Noble Energy says it will make a final investment decision on two large gas fields in Israel in about a year's time, a day after the country's prime minister promised to fast-track the projects.
Nov 2 (Reuters) - U.S. oil and gas producer Noble Energy Inc said on Monday it would make a final investment decision on two large gas fields in Israel in about a year's time, a day after the country's prime minister promised to fast-track the projects.
Prime Minister Benjamin Netanyahu said on Sunday he would take control of the economy ministry - after a minister who had been holding up the plan stepped down - and give final approval to a framework deal with Noble and Israel's Delek Group .
"Yesterday's announcement from the Prime Minister's office is a further indication of the commitment to moving forward with gas development," Noble's Chief Executive David Stover said on a post-earnings call on Monday.
Shares of Noble, which cut its 2015 capital budget by $100 million and raised its sale volume forecast for the current quarter, rose nearly 8 percent to $38.56 in morning trade.
The framework deal reached in August gives control of Israel's largest gas field, Leviathan, to a consortium led by Noble and Delek.
Leviathan, a massive field with reserves of 22 trillion cubic feet (tcf), was initially slated to begin production in 2018 with most of the gas earmarked for exports.
However, development has been delayed due to opposition over waiving antitrust laws to give rapid approval to the framework deal.
First production would take about 3-4 years from the final investment decision (FID), Stover said on the call.
Noble also owns a large stake in Tamar, another field offshore Israel's Mediterranean coast that started production in 2013 and has reserves of 10 tcf.

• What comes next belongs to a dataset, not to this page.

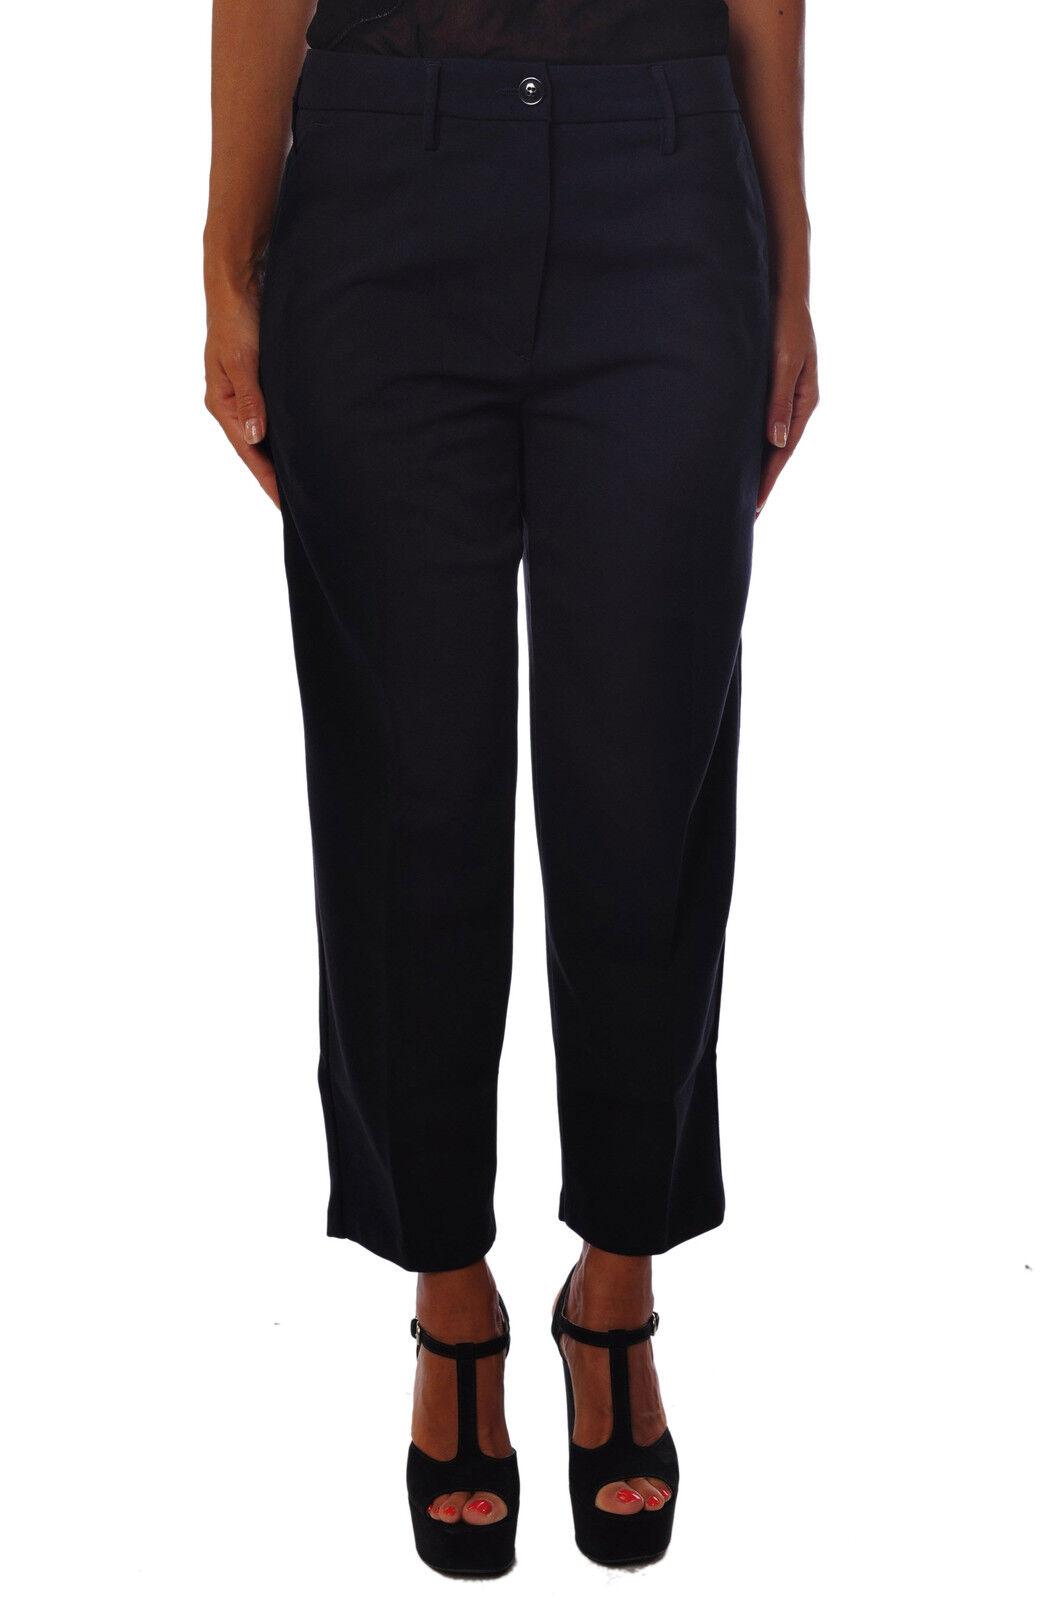 Department 5 - Pants-Pants - Woman - bluee - 1510310C190840

Noble is looking at two separate FIDs for Tamar and Leviathan, Stover said.
The company, which also operates in U.S. shale fields and offshore Gulf of Mexico and West Africa, said it now plans to spend less than $3 billion in 2015.
Noble, which acquired Rosetta Resources in a $2 billion deal earlier this year, raised its fourth-quarter sales volume forecast to 385,000-405,000 barrels of oil equivalent per day (boepd) from 375,000-400,000 boepd.
The company's net loss was $283 million, or 67 cents per share, in the third quarter ended Sept. 30, compared with a profit of $419 million, or $1.12 per share, a year earlier.
The adjusted loss was 21 cents per share, steeper than the average analyst estimate of 18 cents, according to Thomson Reuters I/B/E/S.
Total revenue fell 37 percent to $801 million, lagging analysts' estimate of $955.3 million.